Years ago, a dear friend of mine used to walk me to my car. He did this for any female’s safety. He was the only person that after working 2 jobs would stay up’til I got off my shift at the local family restaurant (like 1-2am) to meet with me and share notes about the quizzes/projects that we had due. I would miss the meetings because of a double shift or 2nd job that I was assigned. He made sure that I didn’t fail. I appreciated his respect for my drive. I appreciated his willingness to help even with a son of his own. We were never intimate but deeper than that…true friends.
I wanted to make my father proud that I carried his name (even though he’s always stated that he is).
He wanted to make his entire family proud by making it out of the small town that seemed to have trapped them.

He was the first in his family to do a lot of things.

On one side, he was trying to end things with a female that was trying everything in her to hold onto the man that she had fallen for but whose heart still belonged to another.

On the other, was a female that was giving a chance back to a man that had begged and pleaded for a 2nd chance and was trying to prove himself through accomplishments.

In between came the reality of using one’s love as a substitution of another.

The last things that I heard was in this order:
1. The one he had always loved was giving him that second chance.
2. The new one that loved him was with child.
3. He was convicted for homicide and feticide.

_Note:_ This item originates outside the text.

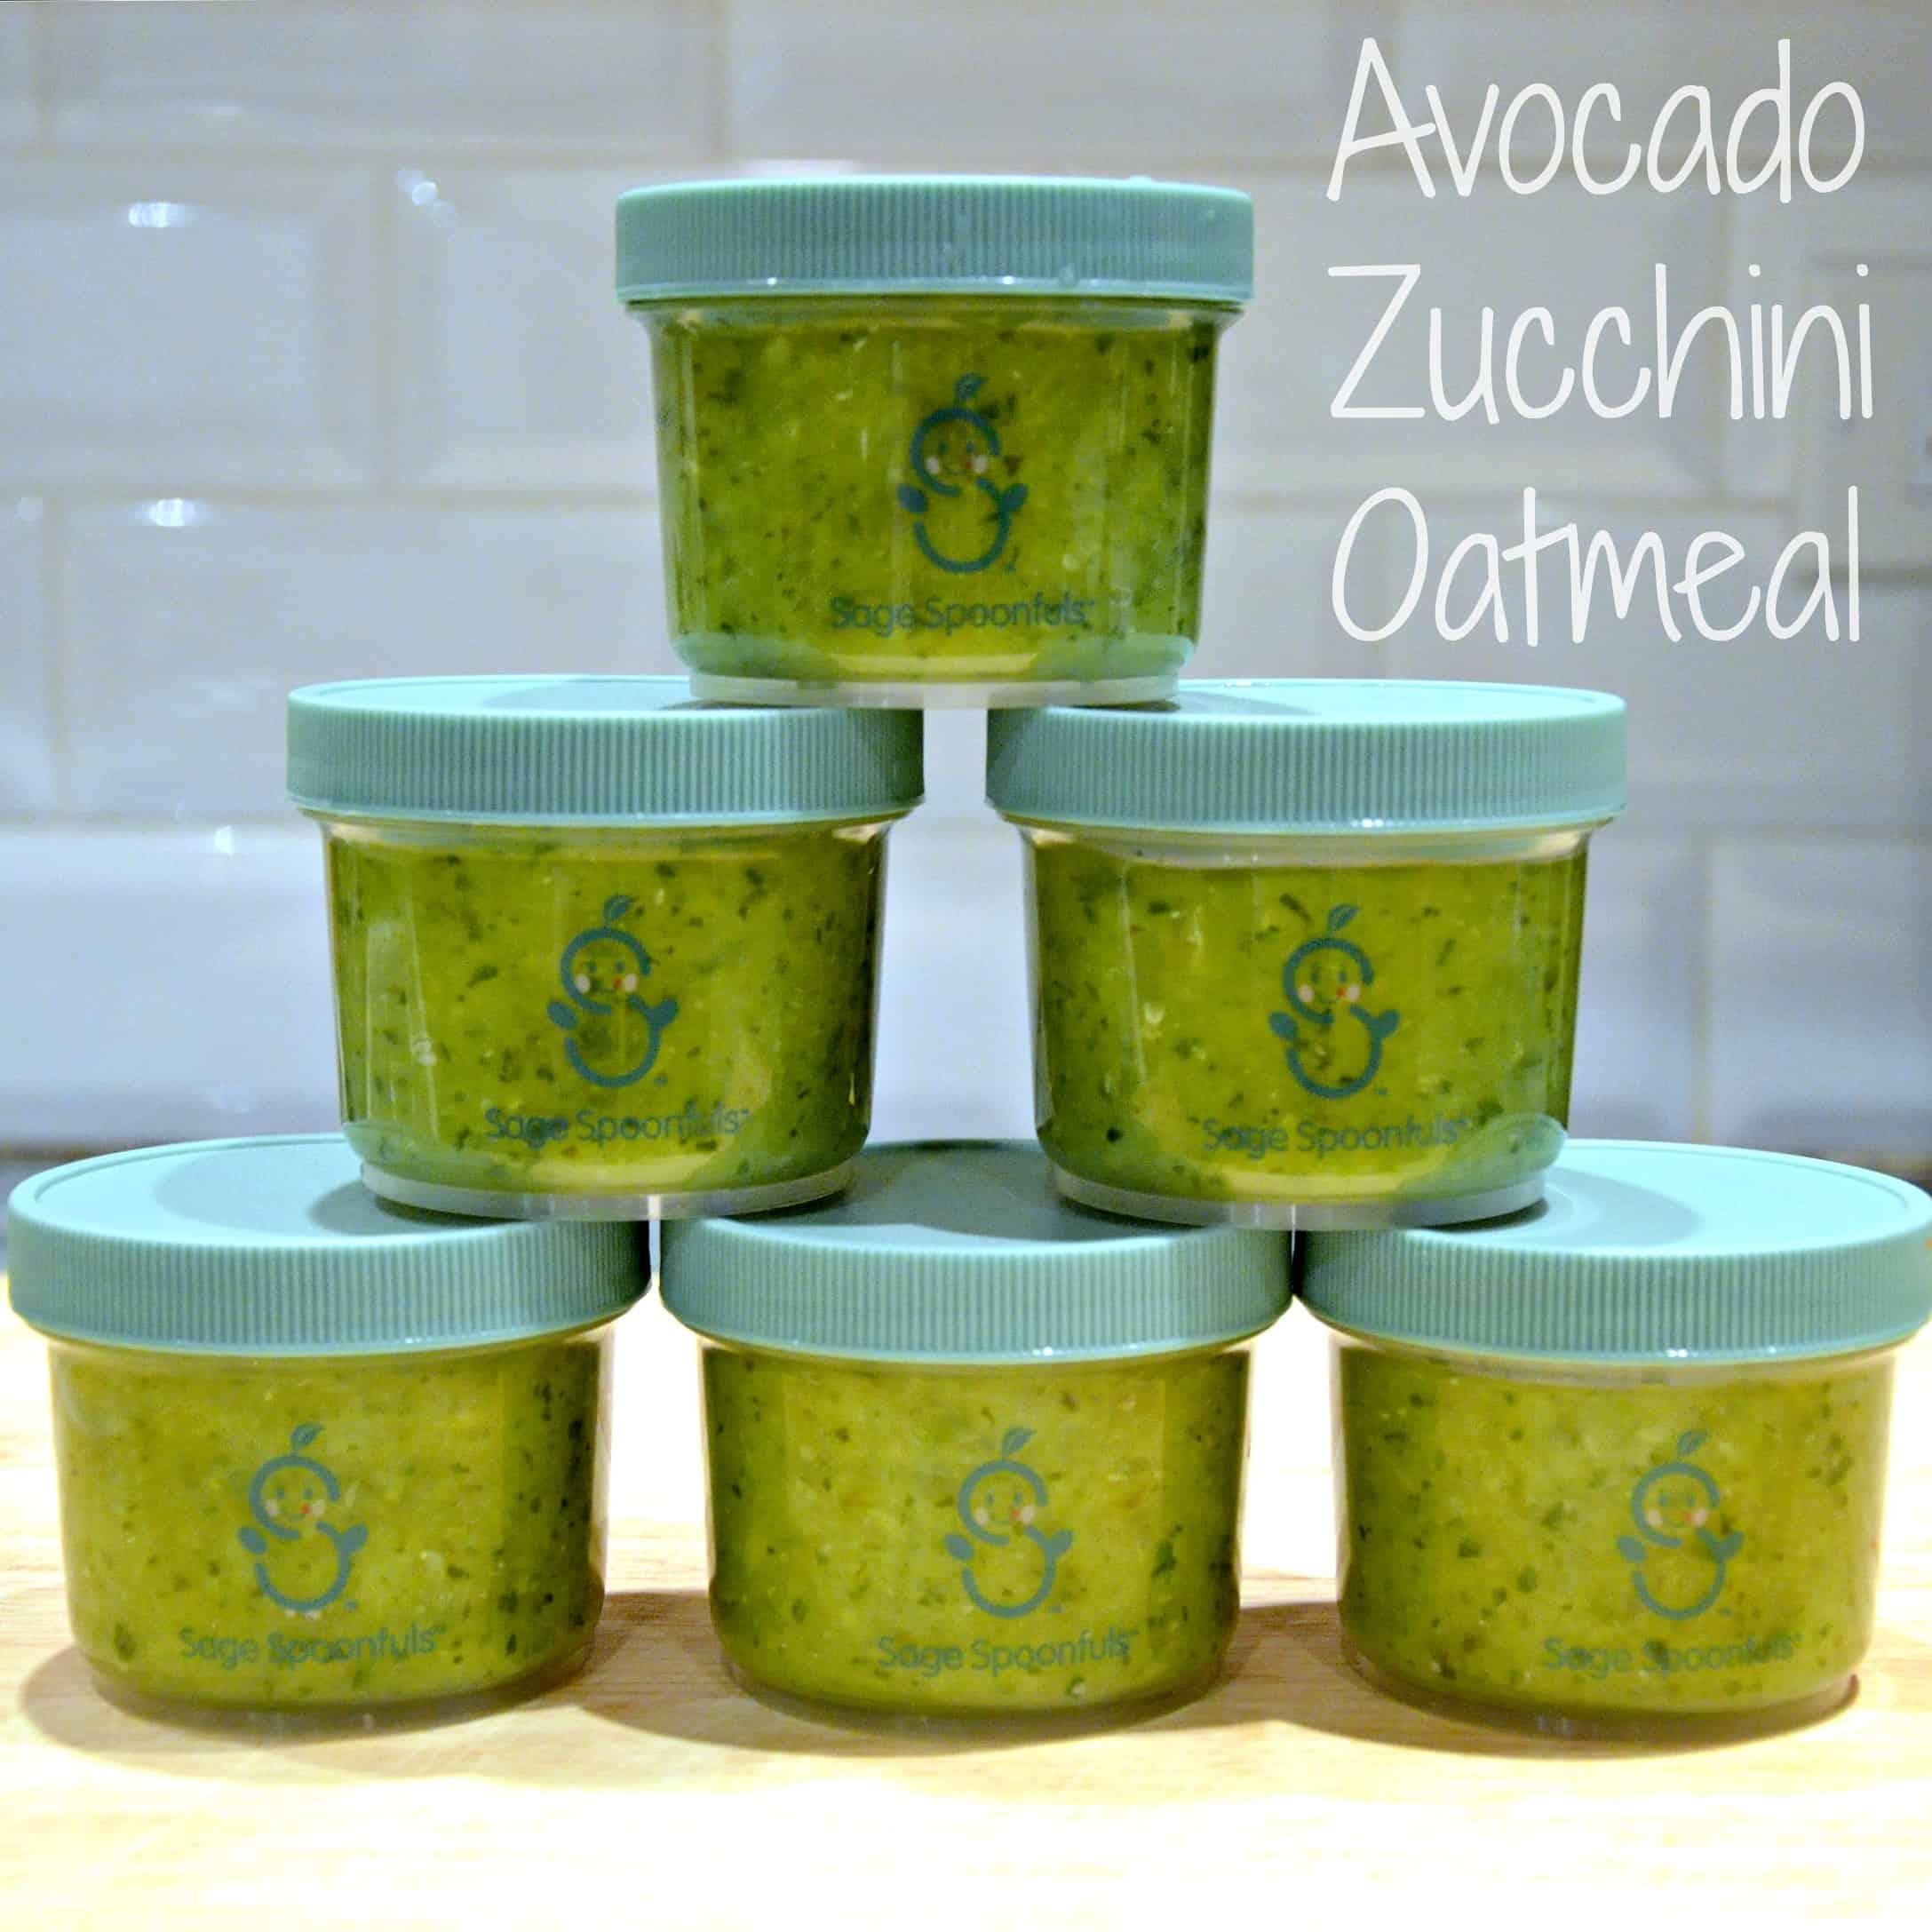 avocado zucchini oatmeal Stage 1 baby food recipe
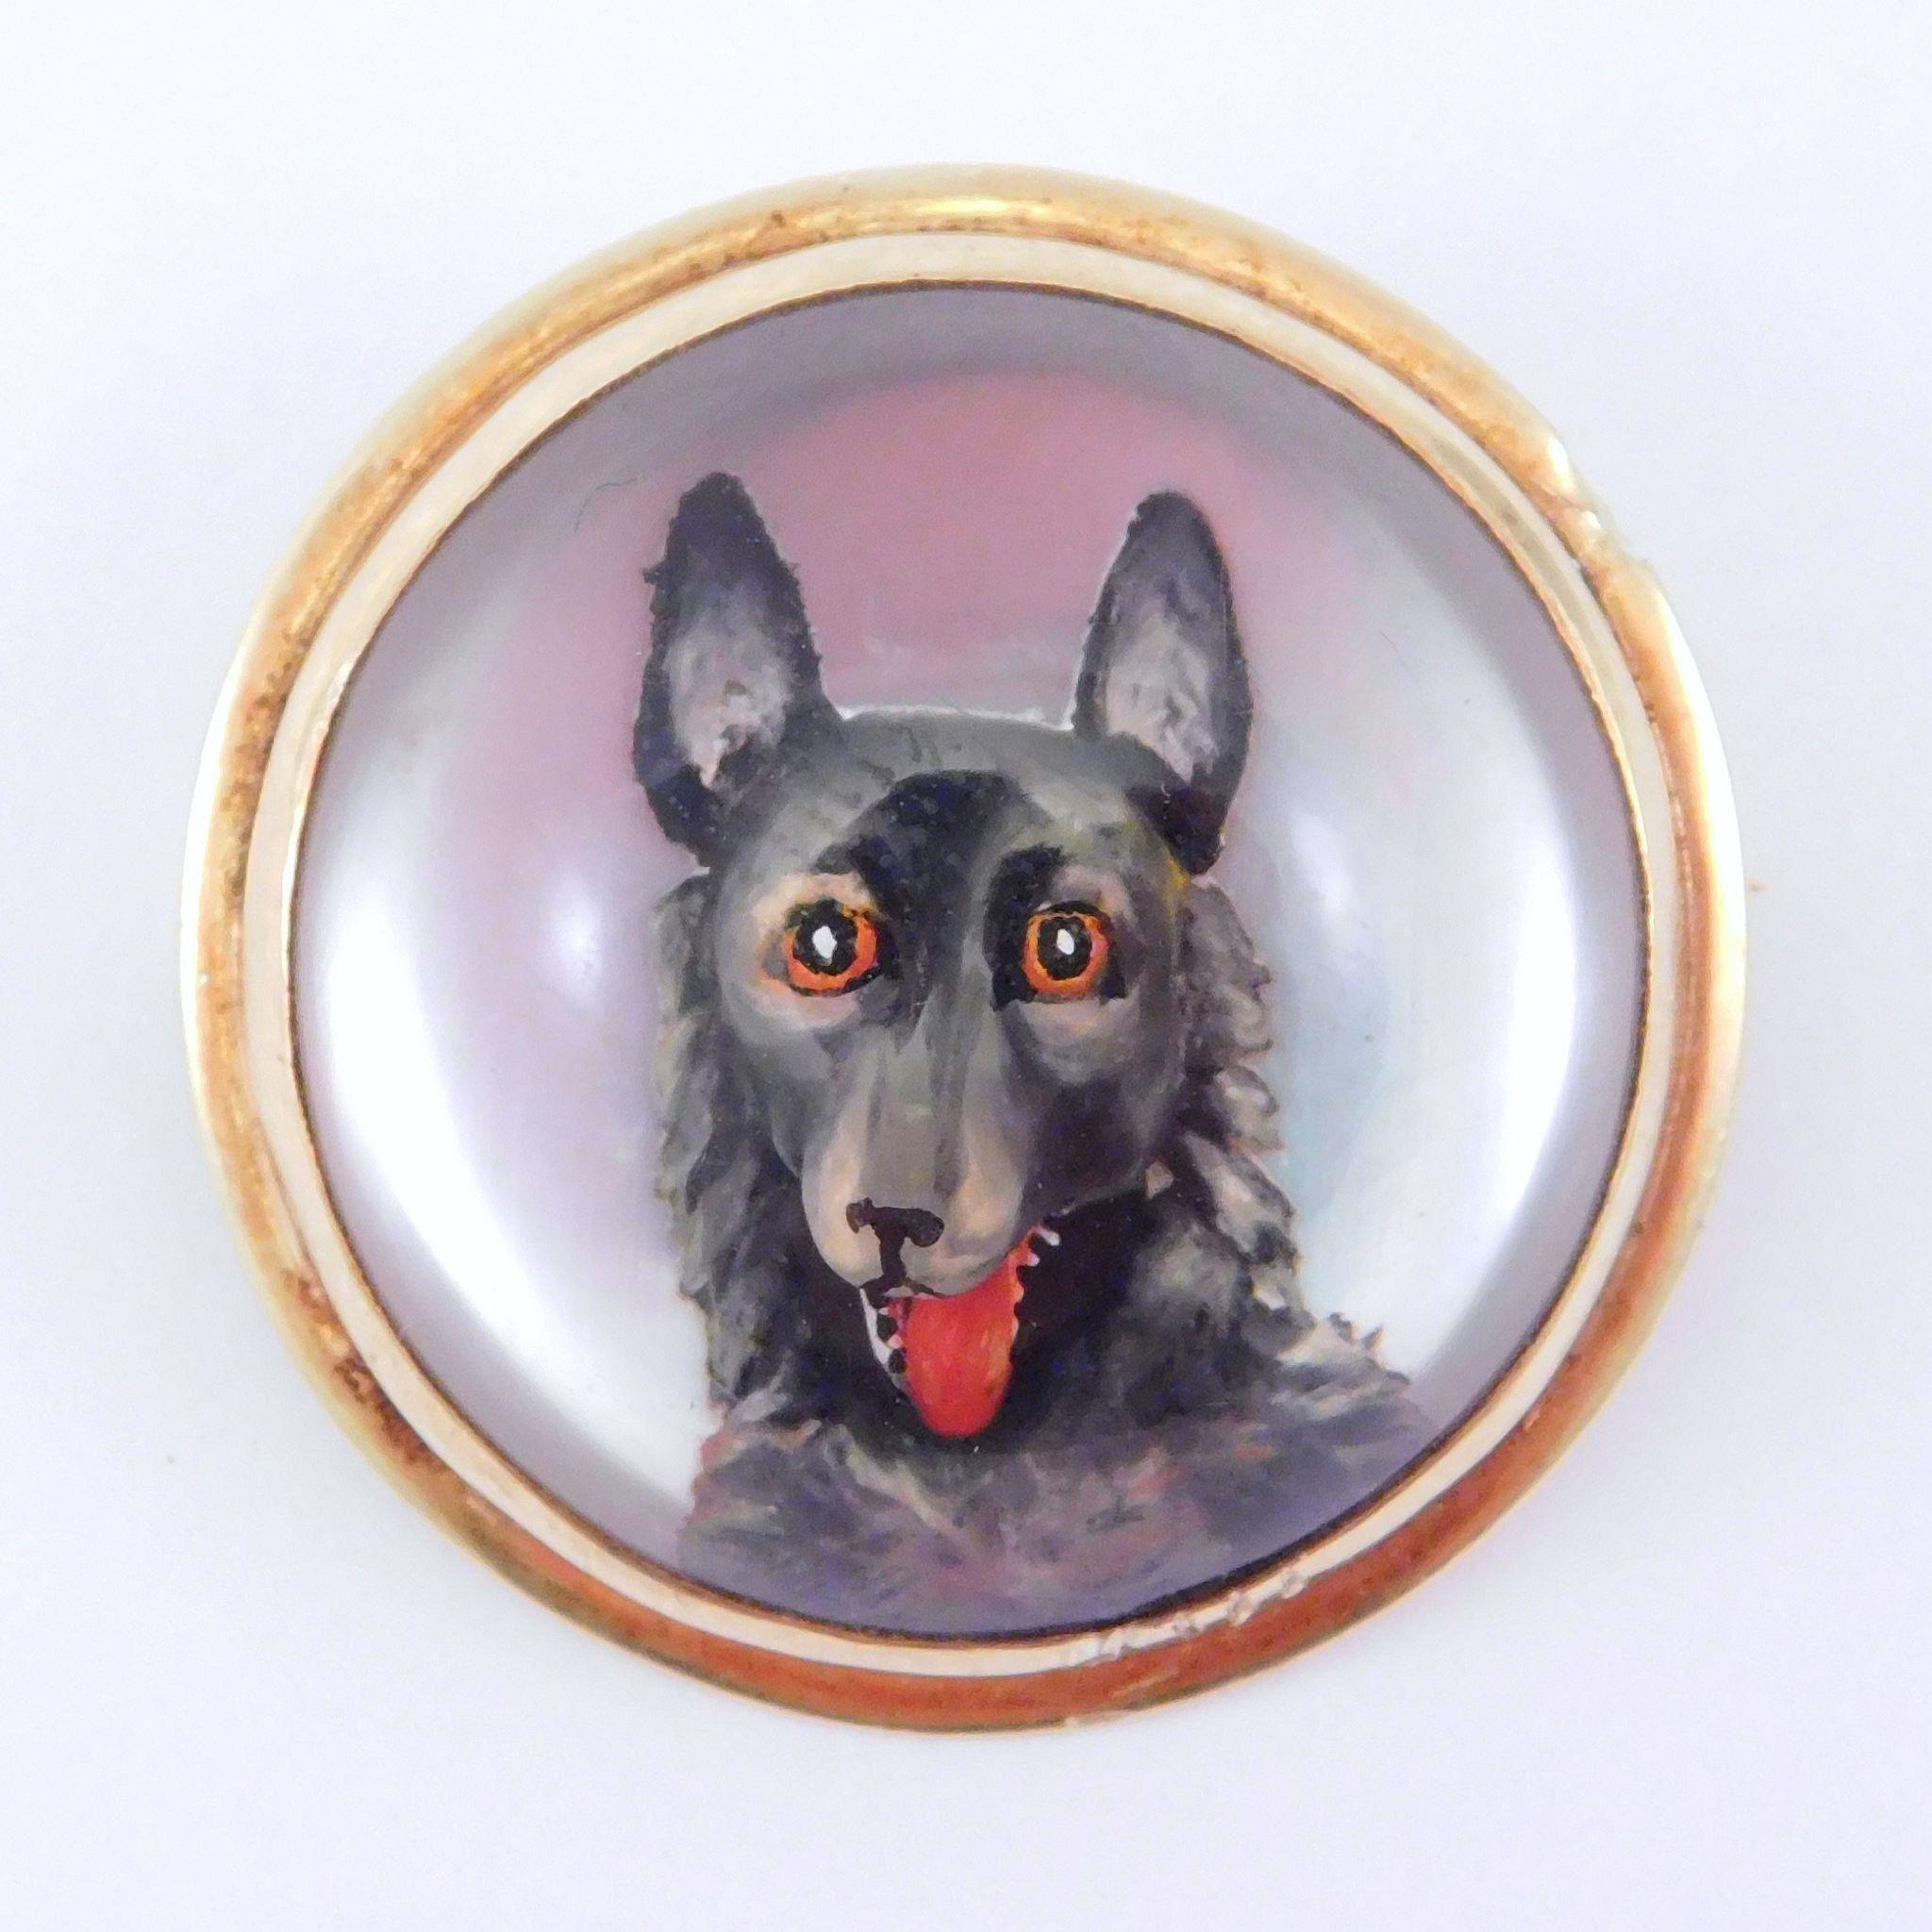 Antique 14K Essex Crystal Dog Brooch Pendant Rare

It’s not for me to have any judgment on the entire thing. I didn’t go to the court procedures. I don’t think he wanted to be remembered that way.  People make their own choices in life. I wish he had talked with me before he acted. What I do know is that most people still have a cabinet of privacy in their head no matter how much of friends you two are.

I still remember that guy that was so kind to me. I think the human in me related to his vulnerability but my heart has so much sadness of his decisions.

There is an EXTREME thin line between love and hate. Some others that new him said they would have never thought of him in that way. I feel there’s no limit to anyone when the line is crossed. Hate can be composed of everything from self-preservation to resentment…all the things that carry no compassion.
I believe love is natural between all of us while hate is a choice. Since I’m human, I’ll admit that I don’t hate anyone but, there are a few that I added weave, makeup, and even fake boobs to my love for them. I have love for just the fact they’re human but the rest of them is so phony, they get the artificial crap. It’s paper plates all day because they broke my china set love.



I later fell for a man that wished he could reset his life in order to love me back. I think this memory helped me understand that I needed to step away.

I knew I had to keep certain things in order to find who I was looking for. Life taught me that he may not have known to do the same. While I thought I’d meet him someday, he said, ‘I never thought I’d meet someone like you.’ He had given up hope so, he didn’t prepare...

So people have asked what keeps me going toward my dreams?
I’ve seen what happens when you lose hope.

Love those dear to you (and not so dear). Love is everything.